100_1039
Originally uploaded by jjdrury81
Dearly Beloved, we are gathered here today to share with Joe and Lauren a very important moment in their lives. In the years they have been together, their love and understanding of each other has grown and matured, and now they have decided to live their lives together as husband and wife.
I would like to take this time to read to you a quote about love from CS Lewis.

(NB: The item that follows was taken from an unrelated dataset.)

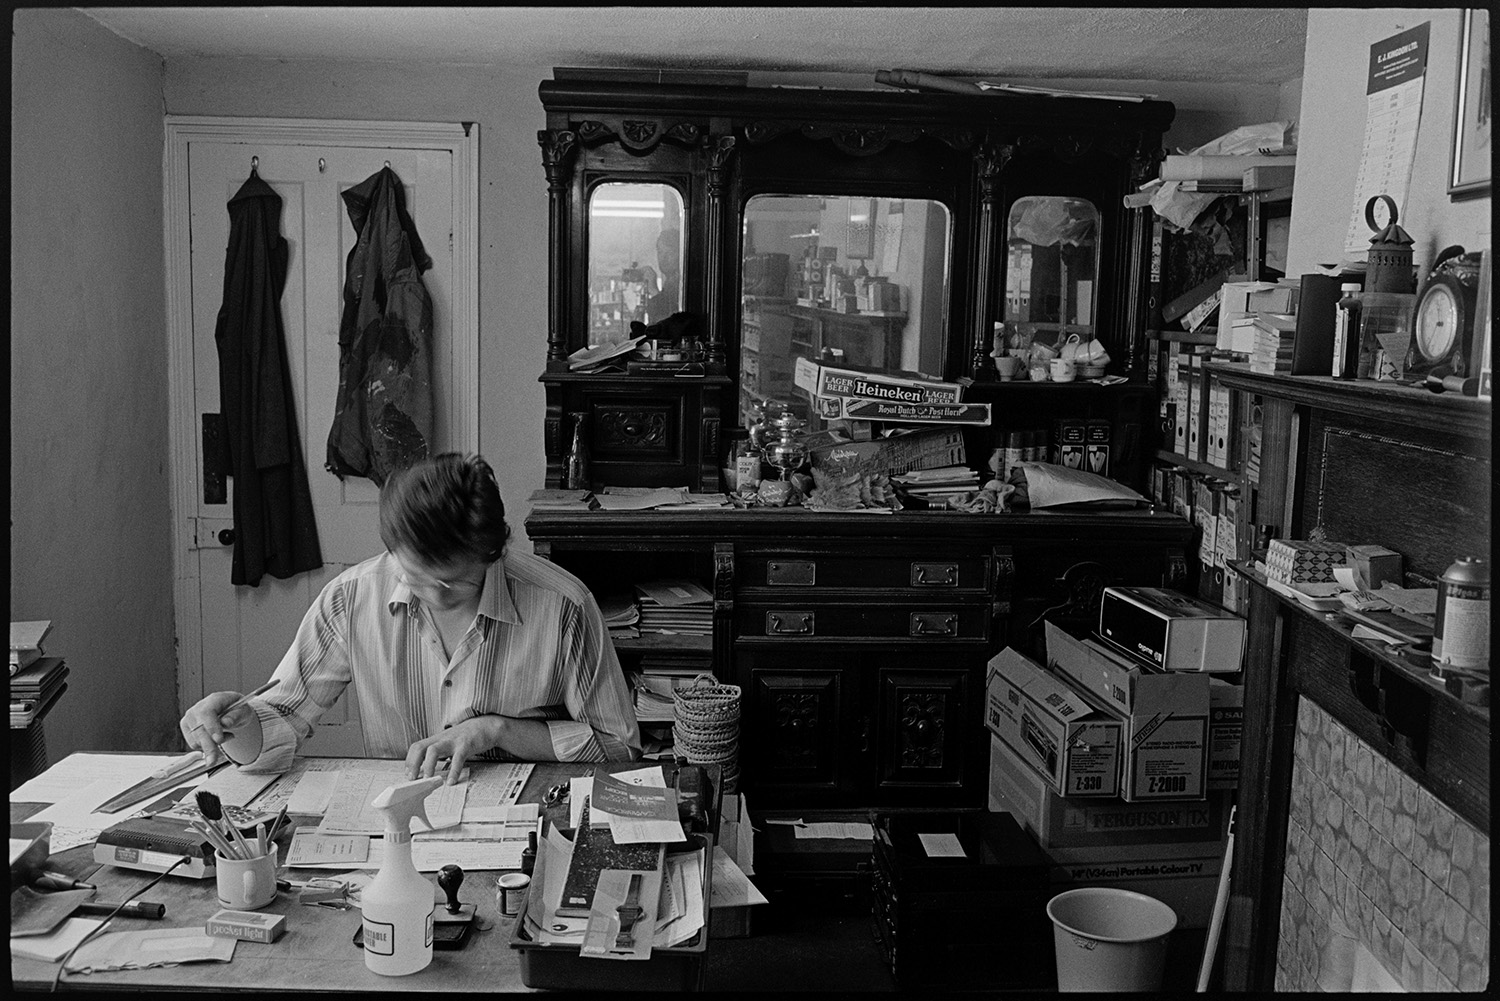 Interior of ironmongers shop. Man working at desk doing accounts. Fine dresser.
[Tim Kingdon working at his desk in the office at A E Kingdon ironmongers in Fore Street, Chulmleigh. A carved dresser and mantelpiece with various items, including files and boxes can be seen in the background.]

Being in love is a good thing, but it is not the best thing. There are many things below it, but there are also things above it. You cannot make it the basis of a whole life. It is a noble feeling, but it is still a feeling. Now no feeling can be relied on to last in its full intensity, or even to last at all. Knowledge can last, principles can lst, habits can last; but feelings come and go. And in fact, whatever people say, the state called 'being in love' usually does not last. If the old fairy-tale ending 'They lived happily ever after' is taken to mean 'They felt for the next fifty years exactly as they felt the day before they were married', then it says what probably never was nor ever would be true, and would be highly undesirable if it were. Who could bear to live in that excitement for even five years? What would become of your work, your appetite, your sleep, your friendships? But, of course, ceasing to be 'in love' need not mean ceasing to love. Love in this second sense - love as distinct from 'being in love' - is not merely a feeling. It is a deep unity, reinforced by the grace which both partners ask, and receive, from God. They can have this love for each other even at those moments when they do not like each other; as you love yourself even when you do not like yourself. They can retain this love even when each would easily, if they allowed themselves, be 'in love' with someone else. 'Being in love' first moved them to promise fidelity: this quieter love enables them to keep the promise. It is on this love that the engine of marriage is run: being in love was the explosion that started it.
Will you please face each other and join hands?
Joe, will you take this woman, whose hands you hold, choosing her alone to be your wedded wife? Will you live with her in the state of true matrimony? Will you love her, comfort her, through good times and bad, in sickness and in health, honor her at all times, and be faithful to her?
Lauren, will you take this man, whose hands you hold, choosing him alone to be your wedded husband? Will you live with him in the state of true matrimony? Will you love him, comfort him, through good times and bad, in sickness and in health, honor him at all times, and be faithful to him?
As you take these vows I would have you remember:
To love is to come together from the pathways of our past and then move forward...Hand in hand, along the uncharted roads of our future, ready to risk, to dream, and to dare.... And always believe that all things are possible with faith and love in God, and in each other.
Will you repeat after me?
I Joe, take you Lauren to be my wife, to love and cherish, from this day forward, and thereto pledge you my faith,
I,Lauren, take you Joe, to be my husband, to love and to cherish, from this day forward, and thereto pledge you my faith.
I understand you have brought rings as a token of your sincerity?
Bless O God these rings, that each gives, receives, and wears as a token of the covenant between them and God, and may they ever abide in thy peace, living together in unity, in love, and in happiness, and with good purpose do thy will. Amen.
Joe, will you repeat after me: With this ring, I thee wed. Let it ever be to us a symbol of our love.
Lauren, will you repeat after me: With this ring, I thee wed. Let it ever be to us a symbol of our love.
In as much as you, Joe, and you Lauren, have consented together in the union of matrimony and you have pledged your faith each to the other in the presence of God and this company, now by the authority vested in me as a minister, I now pronounce you Husband and Wife!
You may kiss your Bride!
Ladies and Gentlemen, I now present Mr. And Mrs. Joseph John Drury, Jr.